Project OpenEye
ML visual geolocation that won HackKentucky Grand Champion.
Role: ML + full-stack (team of 3)

Overview
A full-stack ML demo that takes a photo shot on the University of Louisville campus and predicts the exact latitude/longitude it was taken from. EXIF GPS is preferred when present; otherwise a fine-tuned ResNet152 regresses coordinates from pixels alone.
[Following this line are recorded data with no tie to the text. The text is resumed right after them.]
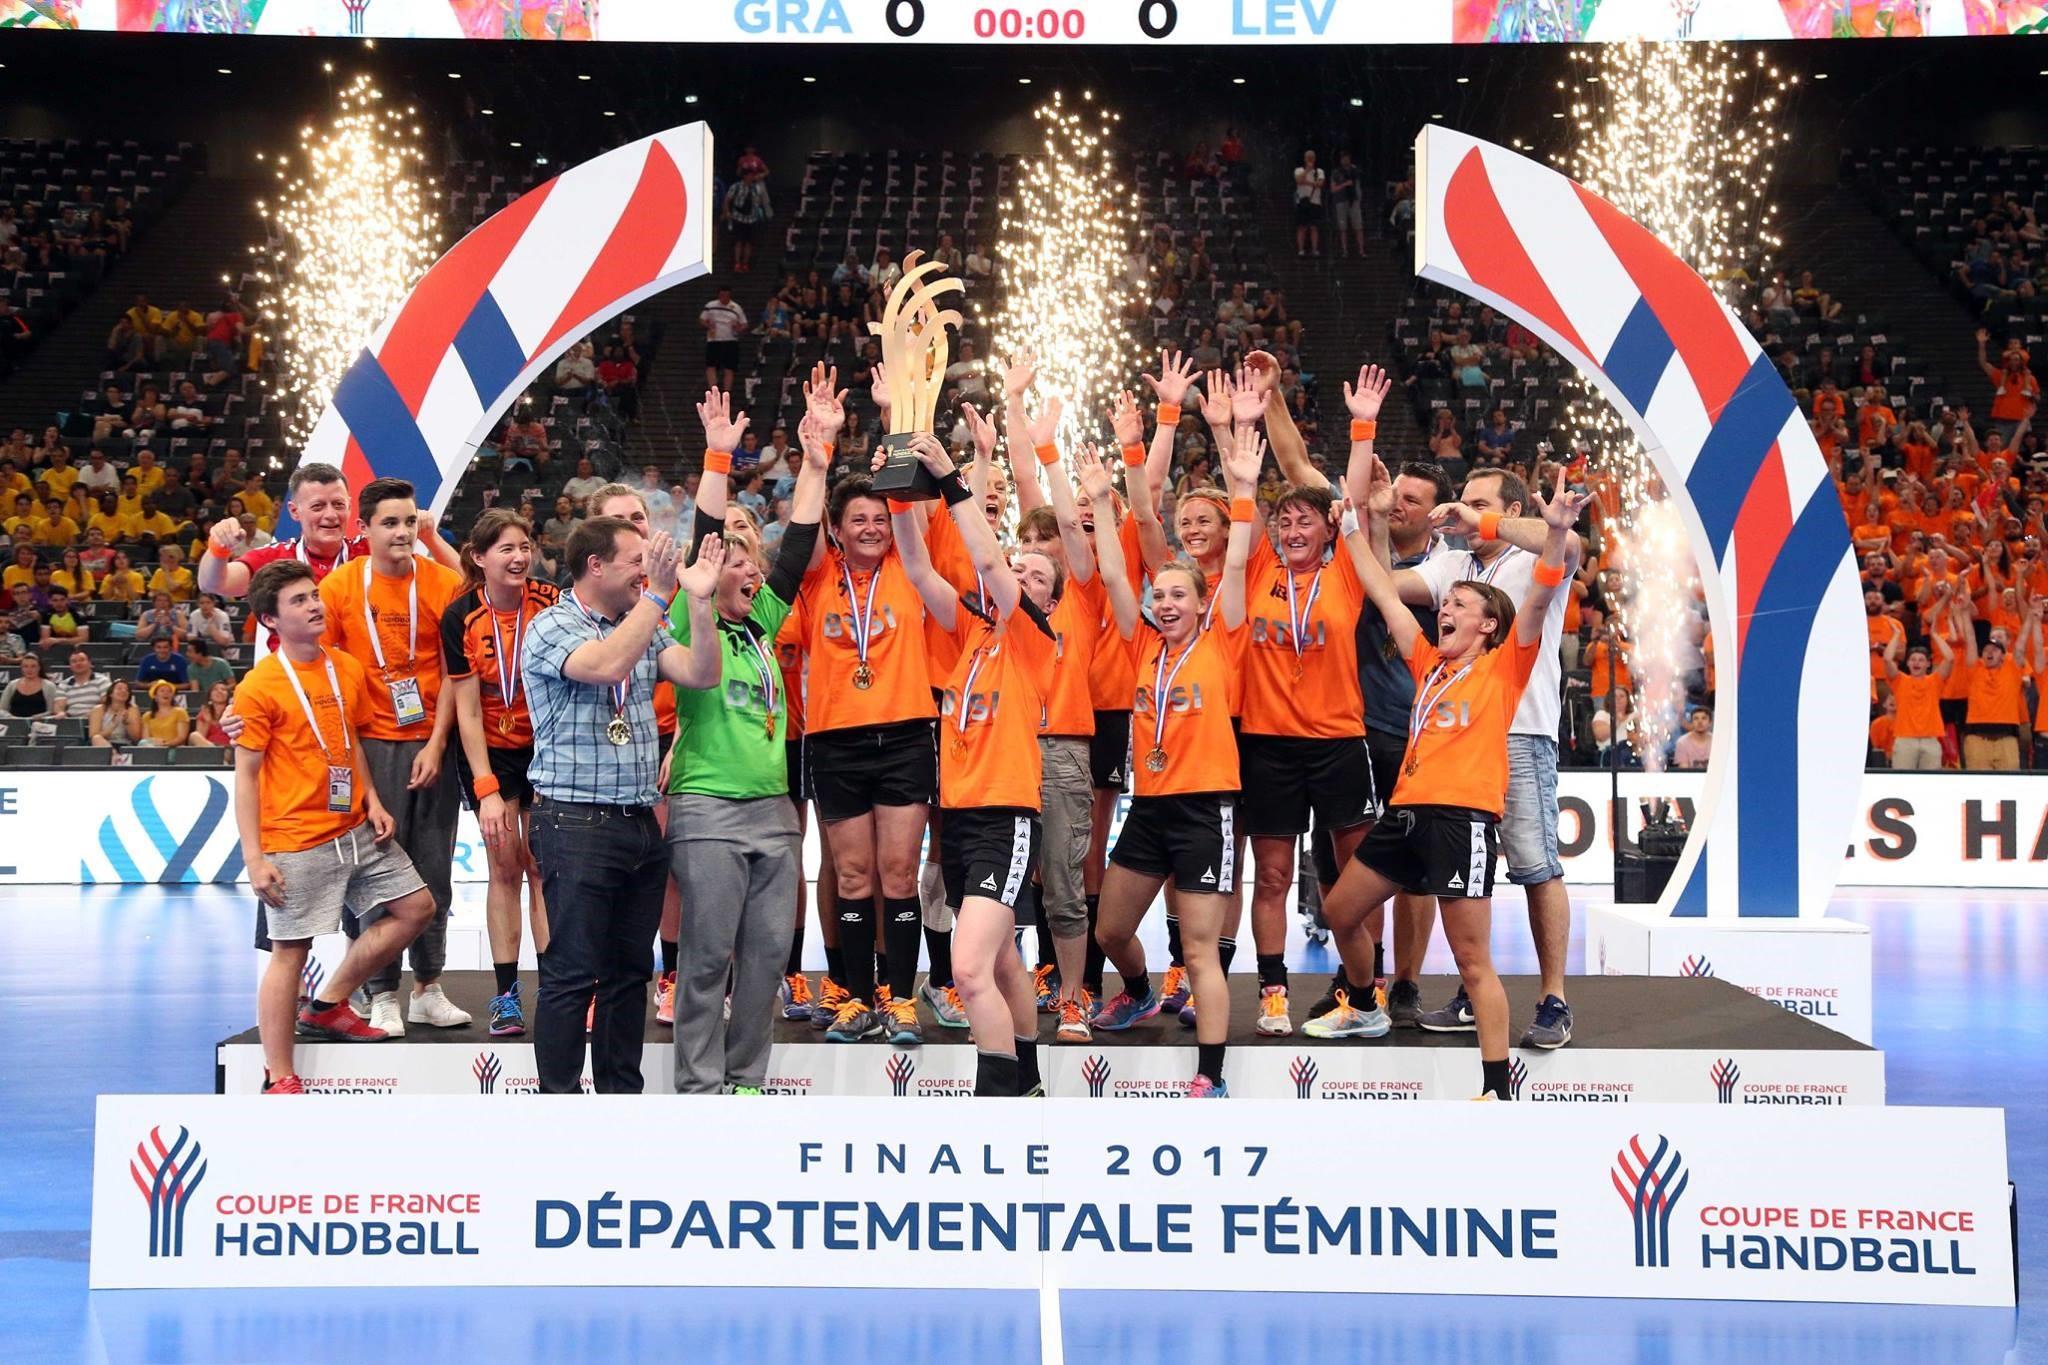 Ev nements douvres handball club - Coupe de france feminine handball ...
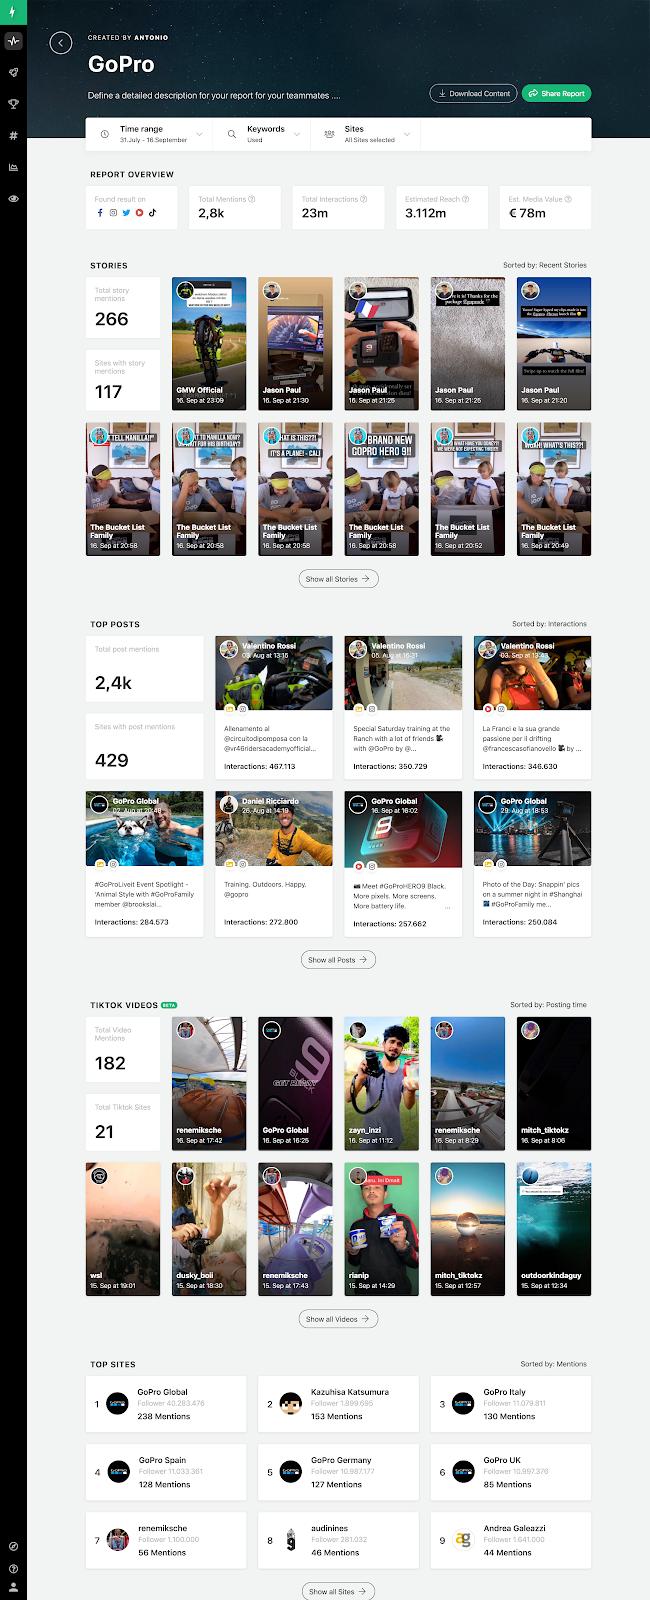 https://app.storyclash.com/monitoring/direct-link/8ab3db0a2acdd5074469d8762f94219948253e488a7495ee294033da69973a53d8137114e6b28e198a4ea85ec79840becfe211fd0ae07970bb6dd3c99f399c43
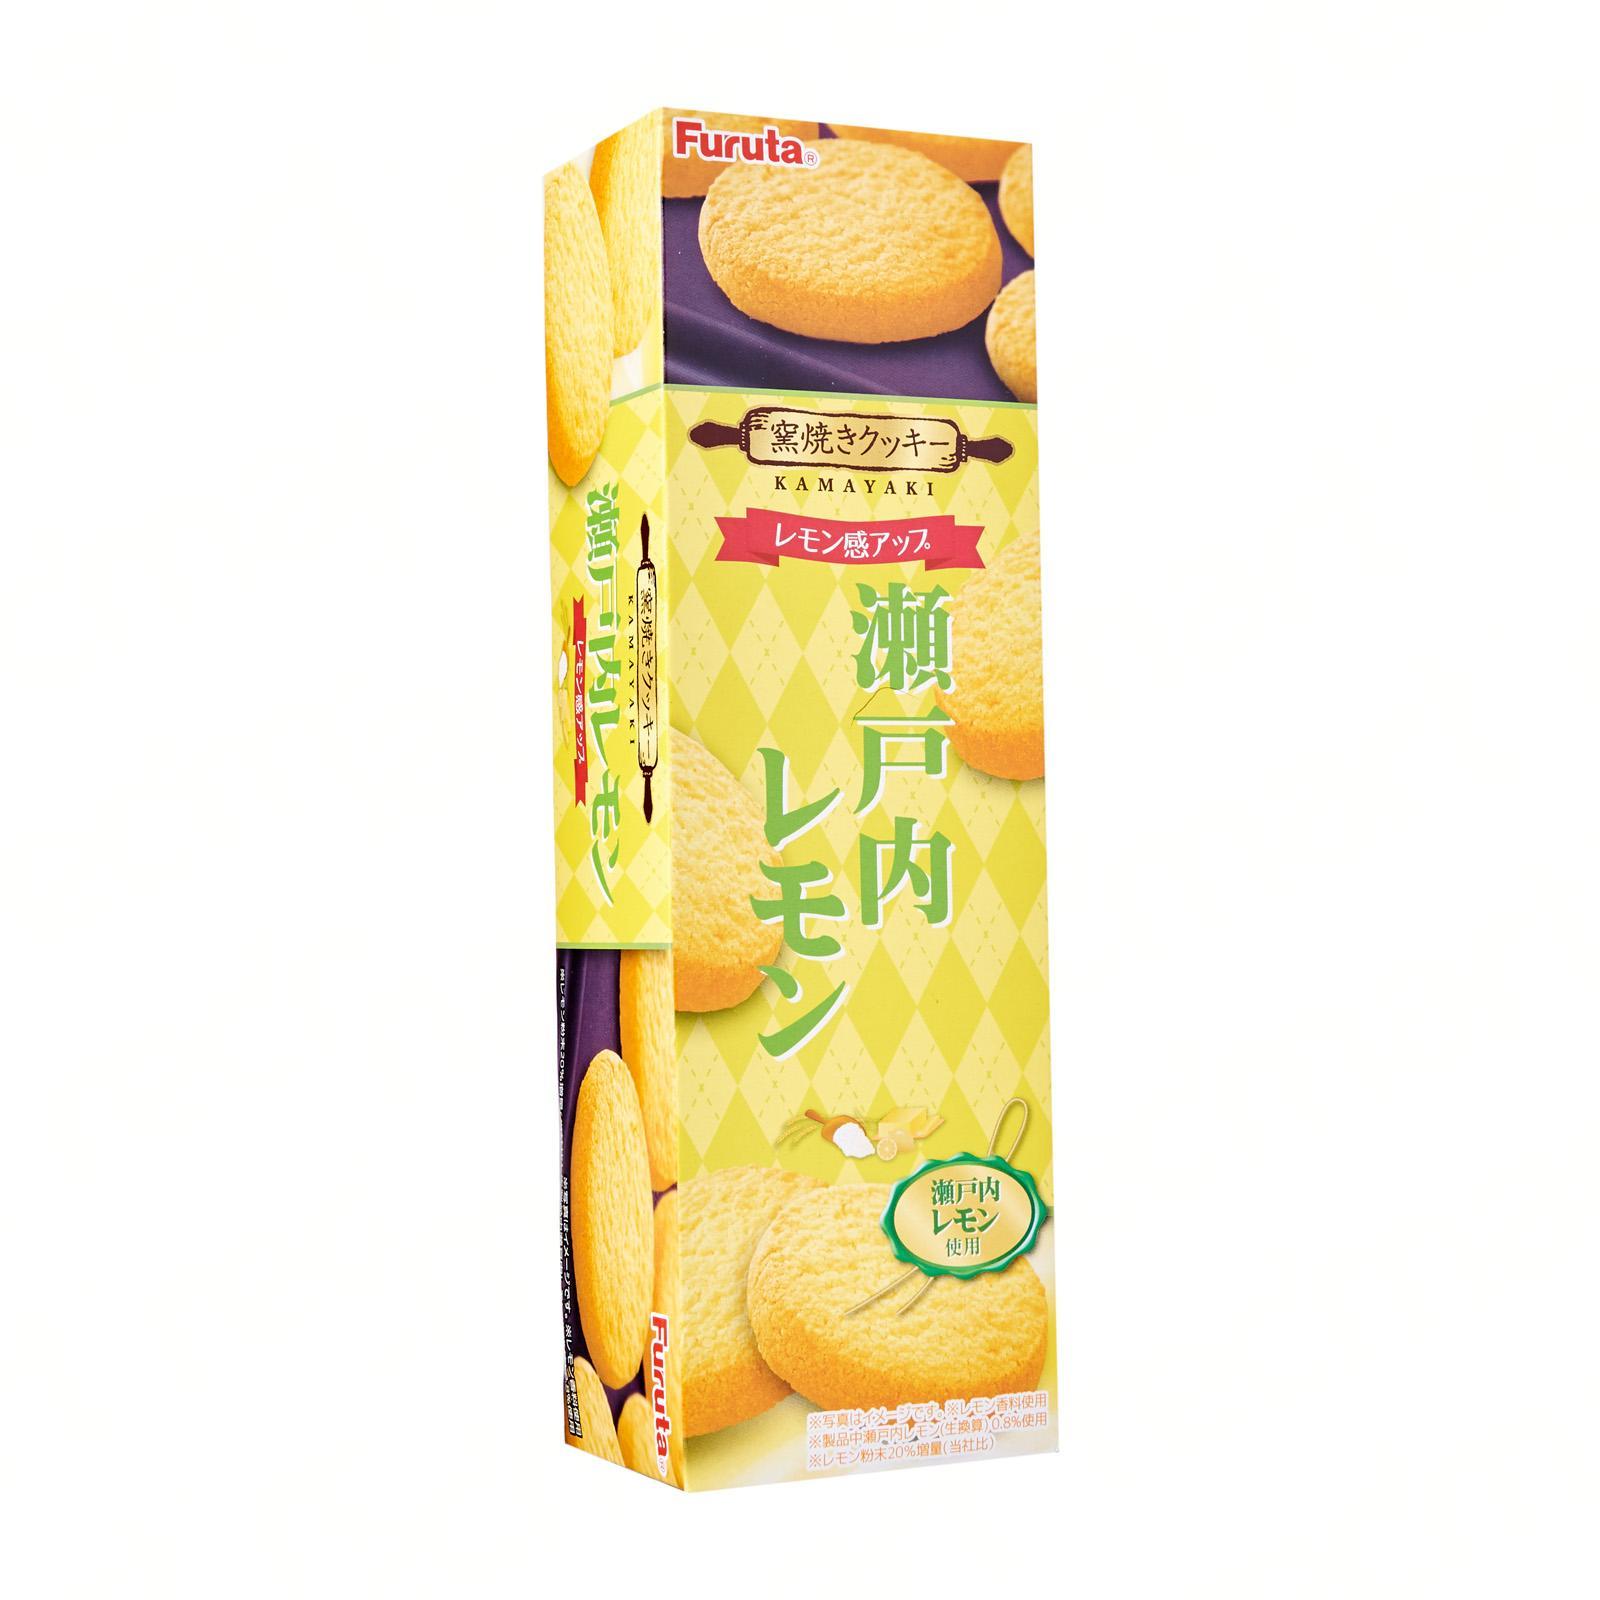 Kirei Furata - Japan Setouchi Lemon Cookies Snack 80.4G
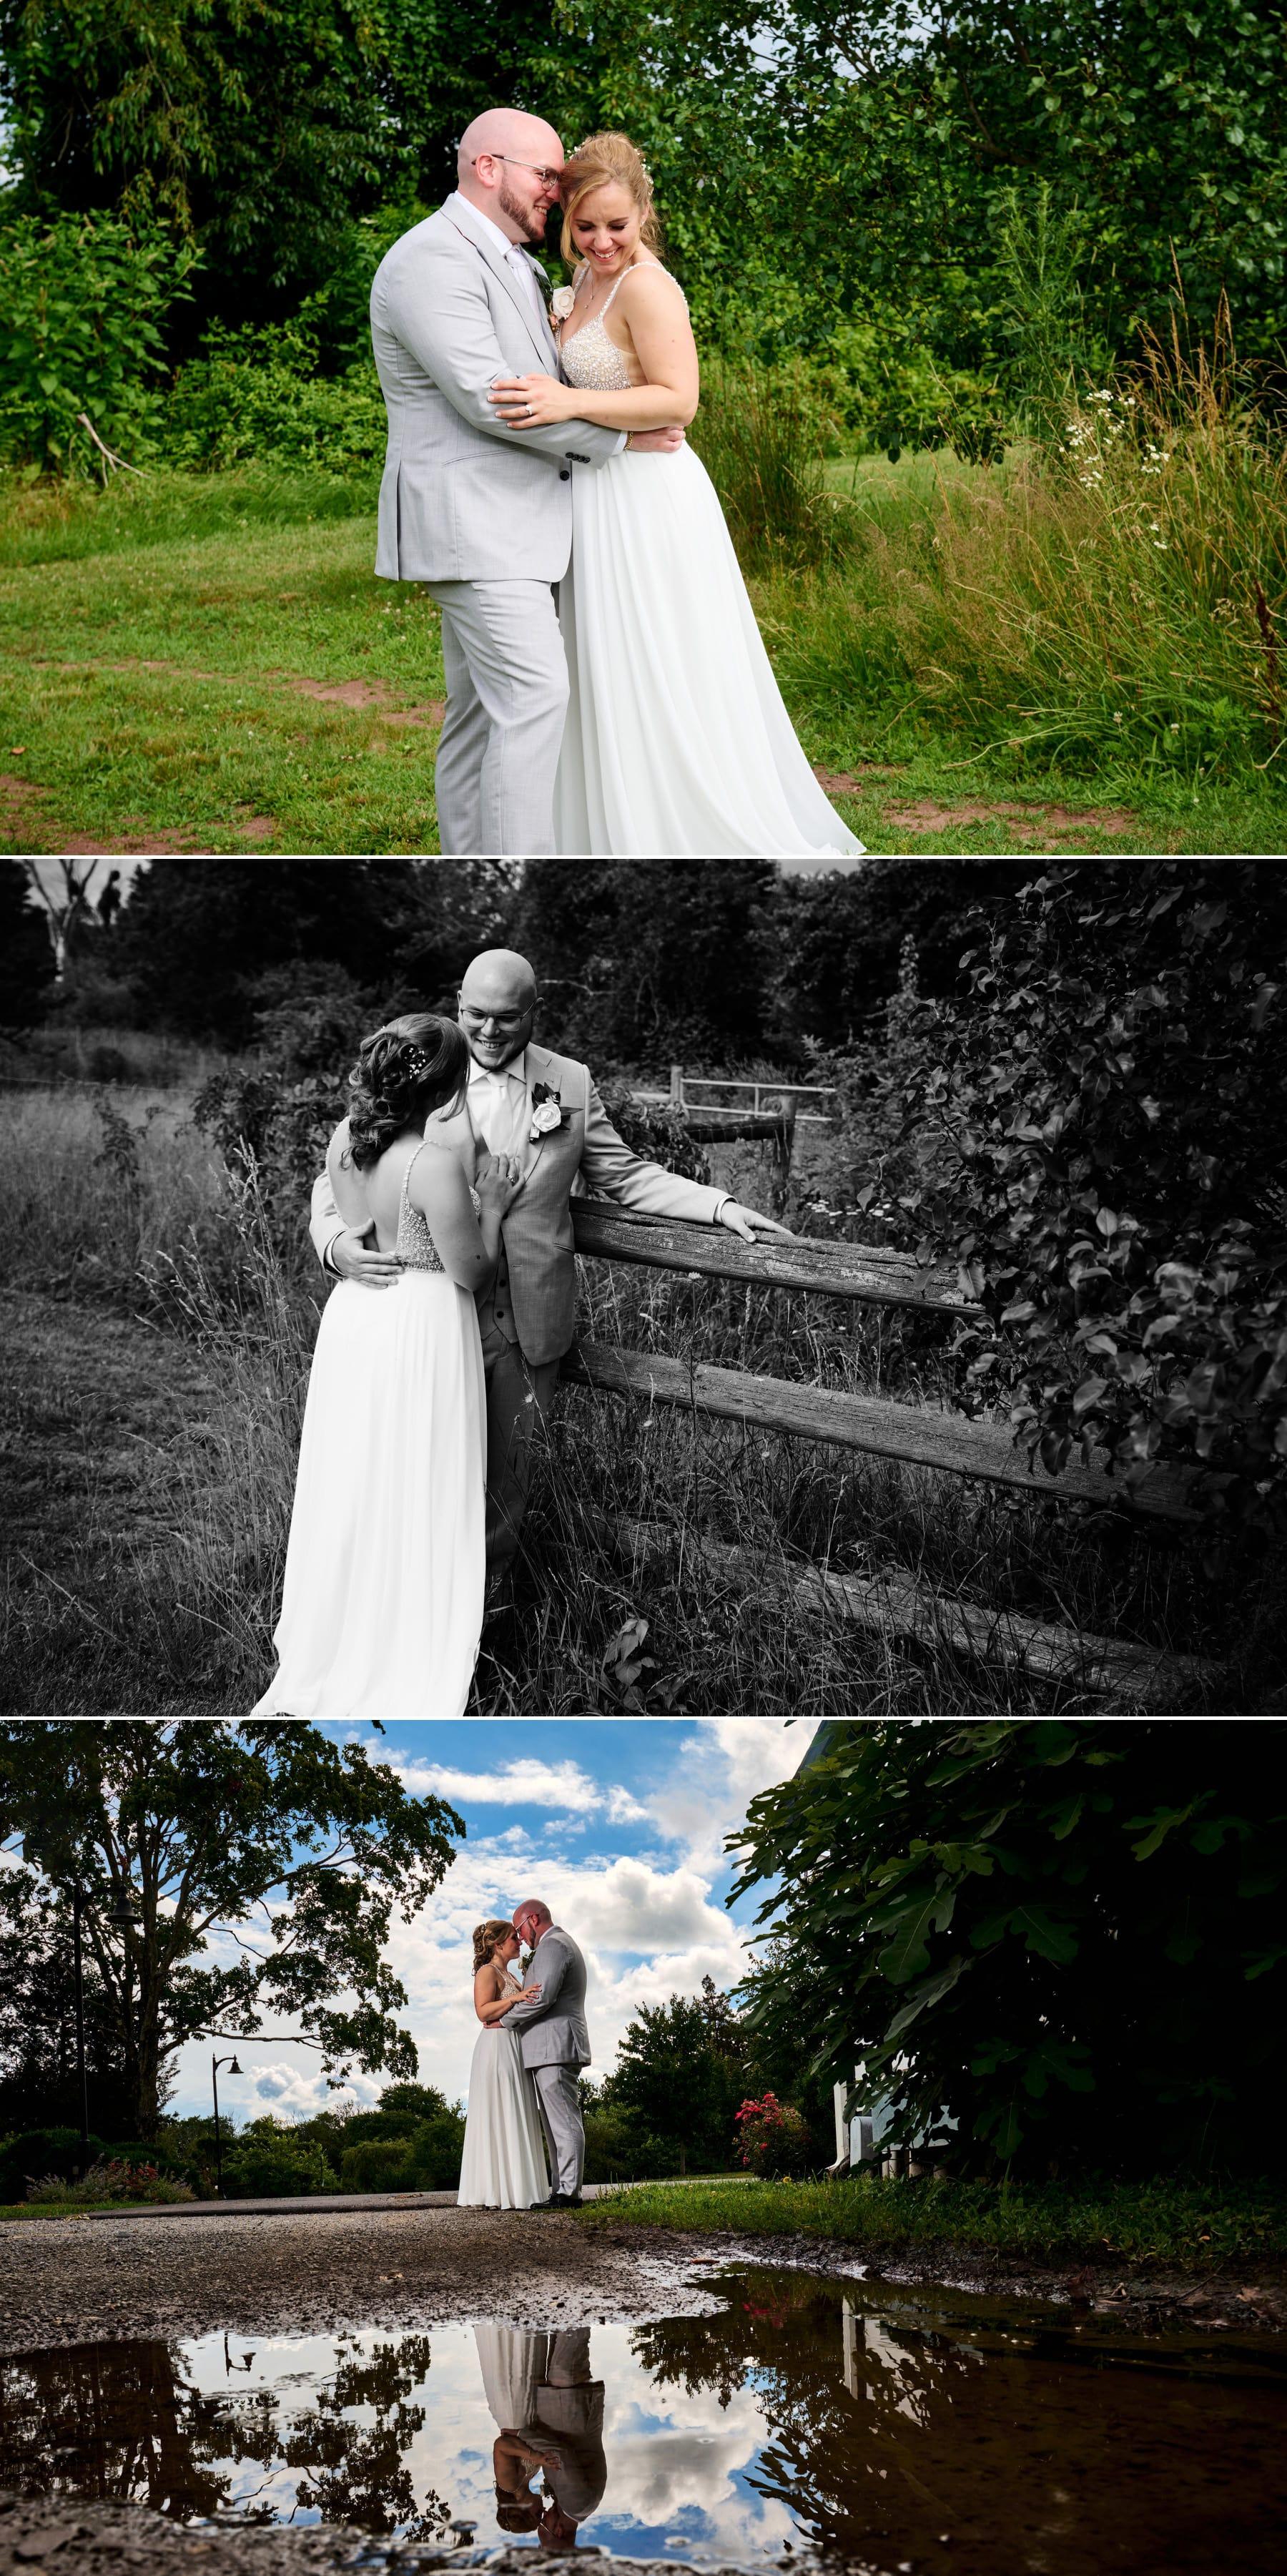 bride and groom wedding photos at Brick Farm Tavern

Built end-to-end over a single weekend and won Grand Champion at HackKentucky (KY Combinators).
Highlights
- Fine-tuned ResNet152 regressor outputs normalized (lat, lon) projected into the campus bounding box.
- Median localization error ~70 m (best ~17 m) across held-out, ground-truth test photos.
- Flask + PyTorch inference backend with a Next.js / React / Mapbox frontend.
- Reproducible validation notebook and 15 ground-truth test images committed to the repo.
How it works
A user uploads an image on the /search page. The Flask backend reads EXIF GPS via piexif; if valid GPS falls inside the UofL campus box, those coordinates are returned directly. Otherwise the image runs through the fine-tuned ResNet152, which outputs normalized (lat, lon) in [0,1]² that is projected back into the campus bounding box. The frontend renders a Mapbox map, drops a marker, and reverse-geocodes an address.
Honest limitations
A hackathon prototype: the model was trained on a small hand-collected campus dataset, so out-of-distribution inputs still resolve to a point inside the box. Trained weights (~236 MB) are not distributed in the public repo. An experimental OSINT panel that called an LLM from the browser was intentionally left inert for security.